Symbols of the world's religions

 
               

MY BOTTLE WAS CORKED

Rhoda Adi Dubash

 
One afternoon a small group was sitting around Baba when Adi Arjani, another Pakistani, came into the room with his family after having eaten lunch. As was Baba's practice, He asked Adi whether they had eaten well, then asked him what they had for lunch. Among other dishes, Adi mentioned chicken curry. At this time in India, particularly, chicken was not an everyday dish, but something served on special occasions.

"So you had chicken," Baba said. Then asked others what they had eaten, but He didn't comment further.

The next afternoon Baba again asked the Arjanis the same question, and again they had eaten chicken.

"Again?" Baba asked.

And the third afternoon the scene was repeated. Baba asked the Arjanis what they had eaten, and once more, chicken had been a part of the meal.

"Chicken again? Do you like it so much that you have it every day?" Baba asked.

Adi Arjani explained that since they were on vacation, they were having chicken as a special treat.
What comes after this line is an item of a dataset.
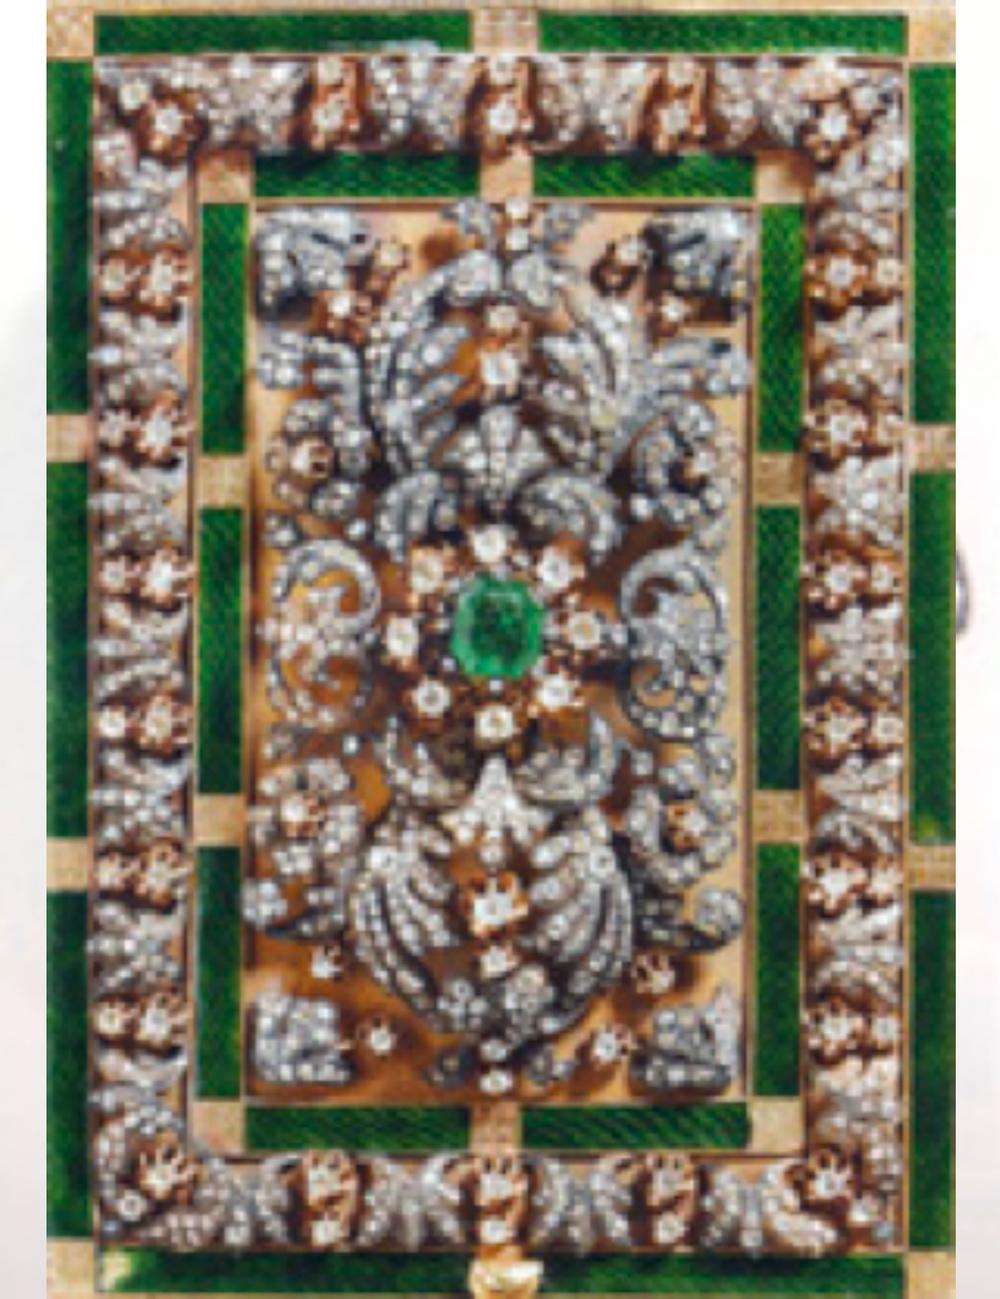 Kuran Mahfazası, Osmanlı, erken 19. yüzyıl, altın, elmas, zümrüt: 18x12.5x5 cm.( T.S.M 2/3369)

This discussion of chicken went on for a few more days. Then one day Baba said, "You Pakistanis, you're gluttons. Are you crazy, eating chicken every day?" And he told the Arjanis that they shouldn't eat chicken any more. But that was not the end of it. One by one, Baba asked everyone in the small group sitting in Mandali Hall at that time if they ate chicken, and if they did, He told them to stop. When it was Adi Dubash's turn, Baba said, "No chicken for you." Every time Baba gestured no, He also made a gesture of corking a bottle.

I was sitting with the women, and I was afraid Baba's eyes would be on me next. I was most relieved when He changed the subject to something else, as I loved chicken and knew I would be very sorry if I couldn't have it. But after some time, He turned to me and asked, "Is it all right" — He knew how I loved chicken, and He asked the question with such compassion — "if you also don't eat chicken?" The Beloved always knows what is going on in our hearts and minds.
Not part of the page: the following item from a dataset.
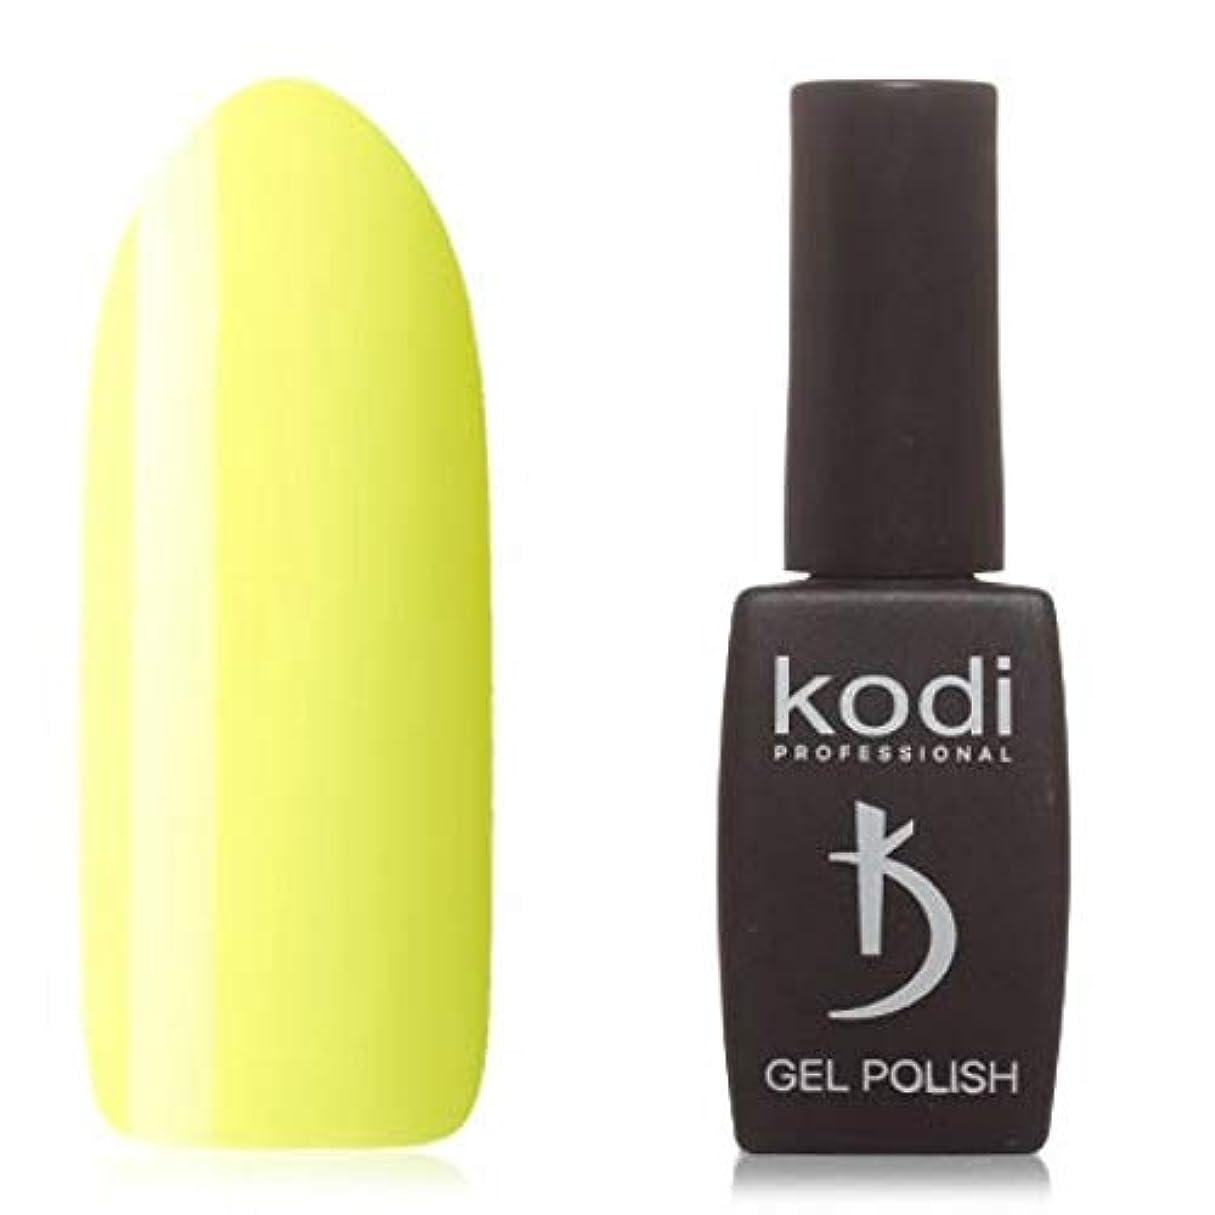 更新コークススカイKodi Professional New Collection BR BRIGHT #110 Color Gel Nail Polish 12ml 0.42 Fl Oz LED UV Genuine Soak Off

"It's all right, Baba," I said.

"Good. Then I would like you not to eat chicken." Now my bottle was corked, too. Merwan was now the only one in the room who had not been given this order. Baba asked us if he ate chicken, and we told Him that Merwan ate it only on special occasions.

"All right, never mind," Baba said, and the conversation turned to something else. Merwan thought he had been spared. But in a few minutes Baba again turned to us and asked if it would be all right if Merwan didn't eat chicken either. Of course, we agreed, but then Baba Himself said, "Never mind, he's only a child." This time Merwan was certain that he wouldn't be given the order. But in a few minutes, Baba once again told us it would be best if Merwan didn't eat chicken. So that was the end of chicken for all of us.

Since that time I have not intentionally eaten chicken. In the beginning we blundered a few times, but no chicken means no chicken. Once someone served us soup, and we ate it without thinking. Afterwards, when dinner arrived, it was chicken pillao, and I instantly became suspicious and asked the hostess what was in the soup. She knew that we had Baba's order not to eat chicken.

"Oh, Rhoda," she said with concern, "that soup had chicken in it." Then, with great compassion in her voice, she asked, "What now?"

I said, "Nothing you or I can do now — I've already eaten it. But it's all right." And silently I asked Baba's forgiveness for breaking the order.

Another time someone offered us sandwiches, but the moment I put that first morsel in my mouth, I realized what it was. Without swallowing I asked what was in the sandwich. When the answer came, I went outside and took it out of my mouth. Perhaps three or four times I have inadvertently broken Baba's simple order, but I have never done so knowingly.

Now Adi and I have become veterans where chicken is concerned. Most of our friends know about our order not to eat it, and they tell us before the food is put on the table. But even a simple thing like this teaches us to be alert and also to remember Baba.